Recorded data:

*** Block opens ***

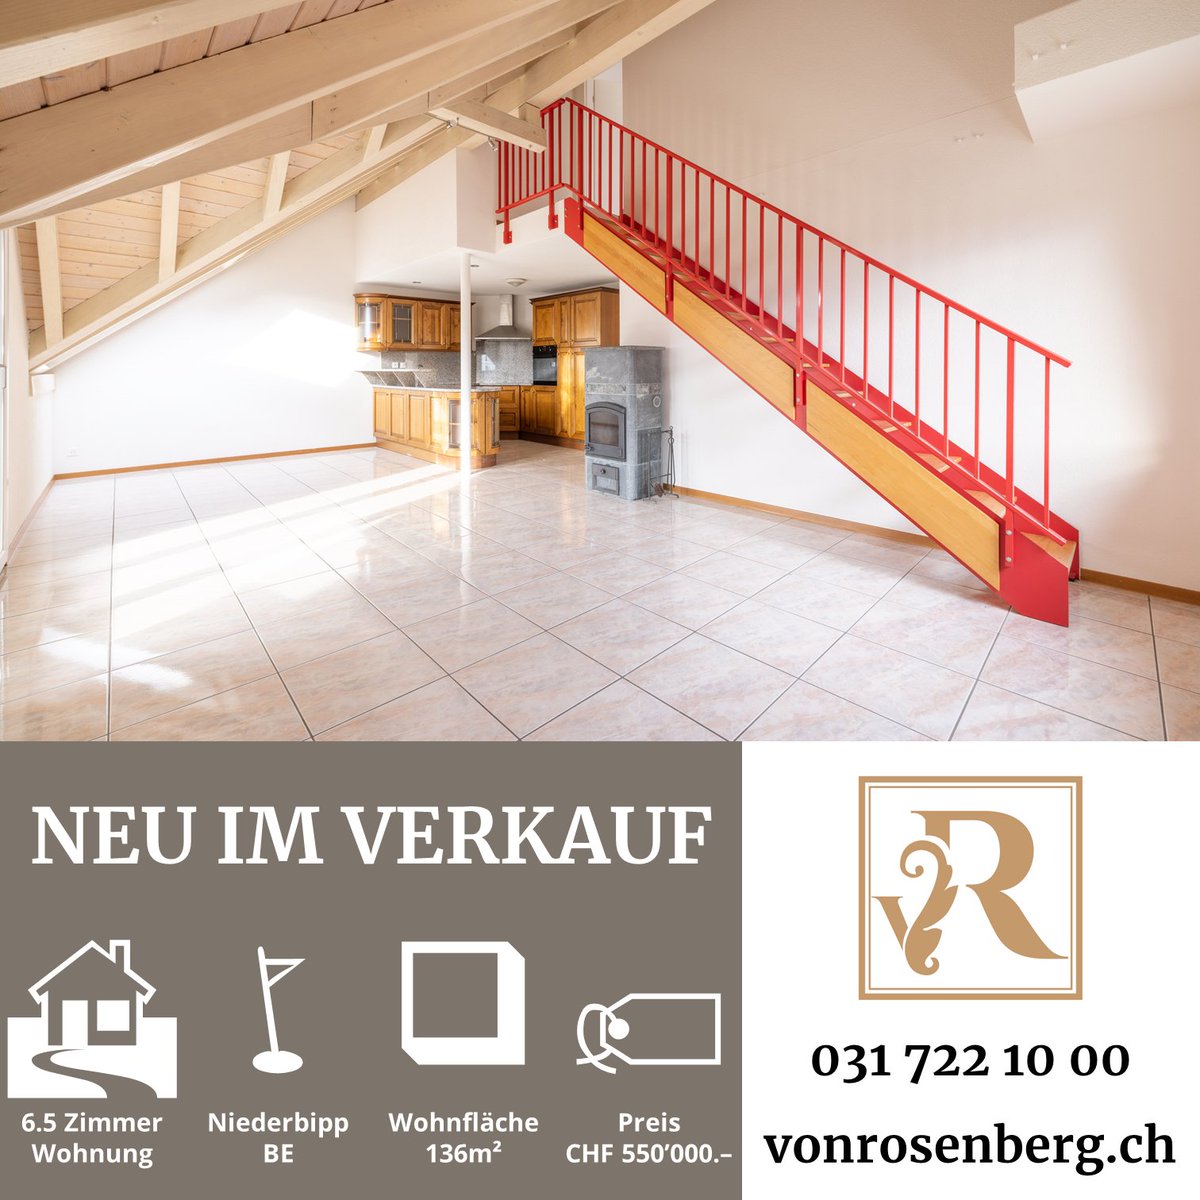 🏡 NEU IM #VERKAUF

QUALITATIVER #WOHNRAUM

#Immobilie: 6.5 Zimmer #Maisonette #Dachwohnung
Wohnfläche: 136m²
Ort: #Niederbipp BE
Preis: CHF 550'000.–

🌐 vonrosenberg.ch

#immo #immonews #wohnung #immomarkt #schweiz #immoverkauf #homeforsale #realestate #home #forsale

*** Block closes ***

▶ [WORK TASK]: Retype the data exactly as it stands, but keep the images out of your copy.

▶ [RESULT OF THE TASK]:
 🏡 NEU IM #VERKAUF

QUALITATIVER #WOHNRAUM

#Immobilie: 6.5 Zimmer #Maisonette #Dachwohnung
Wohnfläche: 136m²
Ort: #Niederbipp BE
Preis: CHF 550'000.–

🌐 vonrosenberg.ch

#immo #immonews #wohnung #immomarkt #schweiz #immoverkauf #homeforsale #realestate #home #forsale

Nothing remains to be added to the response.